Would you please output, word for word, the span of the listing below that opens on the line containing "Von Gunlocke" and closes on the line containing "Maße: 23,75"? Include both ends and nothing more.

═══ INFORMATION GIVEN

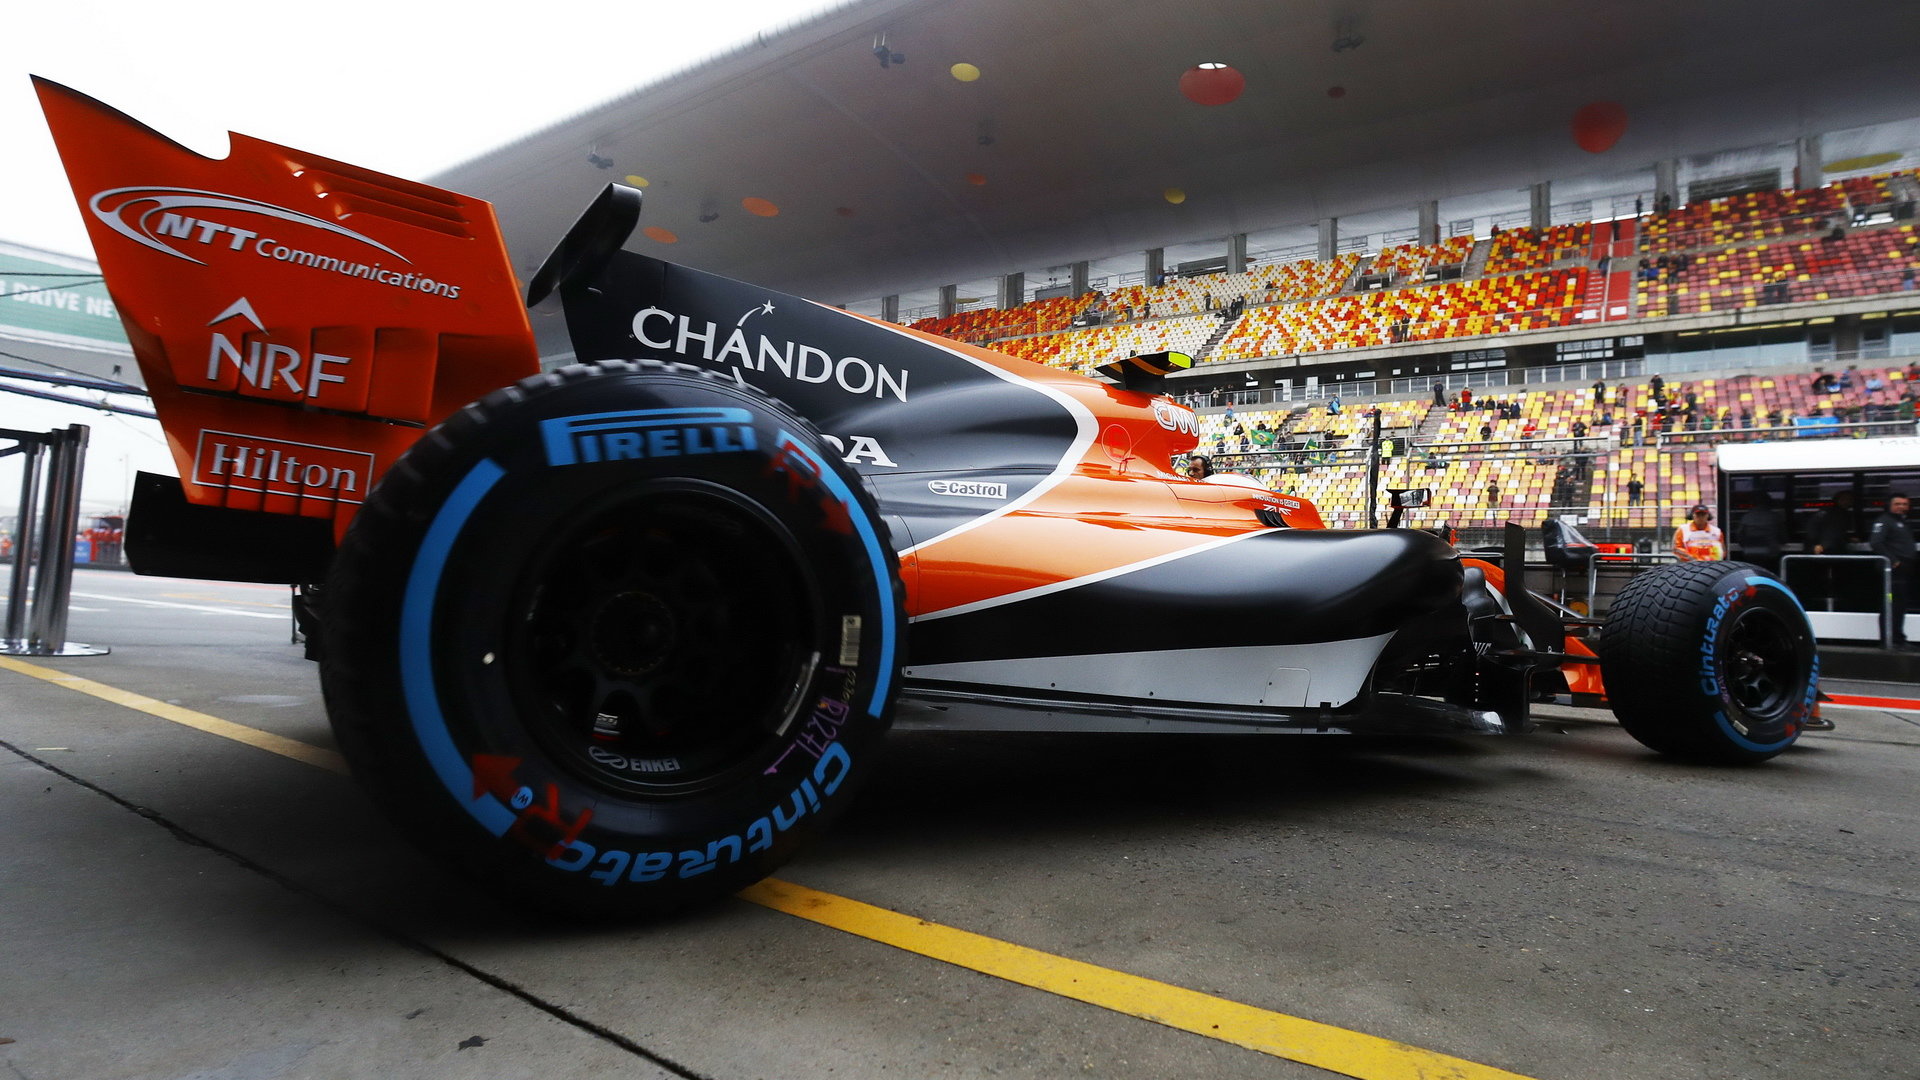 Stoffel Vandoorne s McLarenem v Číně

══════
═══ INFORMATION GIVEN

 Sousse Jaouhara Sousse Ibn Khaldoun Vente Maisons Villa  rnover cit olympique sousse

══════
═══ INFORMATION GIVEN

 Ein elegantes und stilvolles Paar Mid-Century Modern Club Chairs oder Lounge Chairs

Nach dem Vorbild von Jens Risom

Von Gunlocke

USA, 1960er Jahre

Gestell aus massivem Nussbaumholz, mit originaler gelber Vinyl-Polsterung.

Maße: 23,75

══════

RESULT BELOW:
Von Gunlocke

USA, 1960er Jahre

Gestell aus massivem Nussbaumholz, mit originaler gelber Vinyl-Polsterung.

Maße: 23,75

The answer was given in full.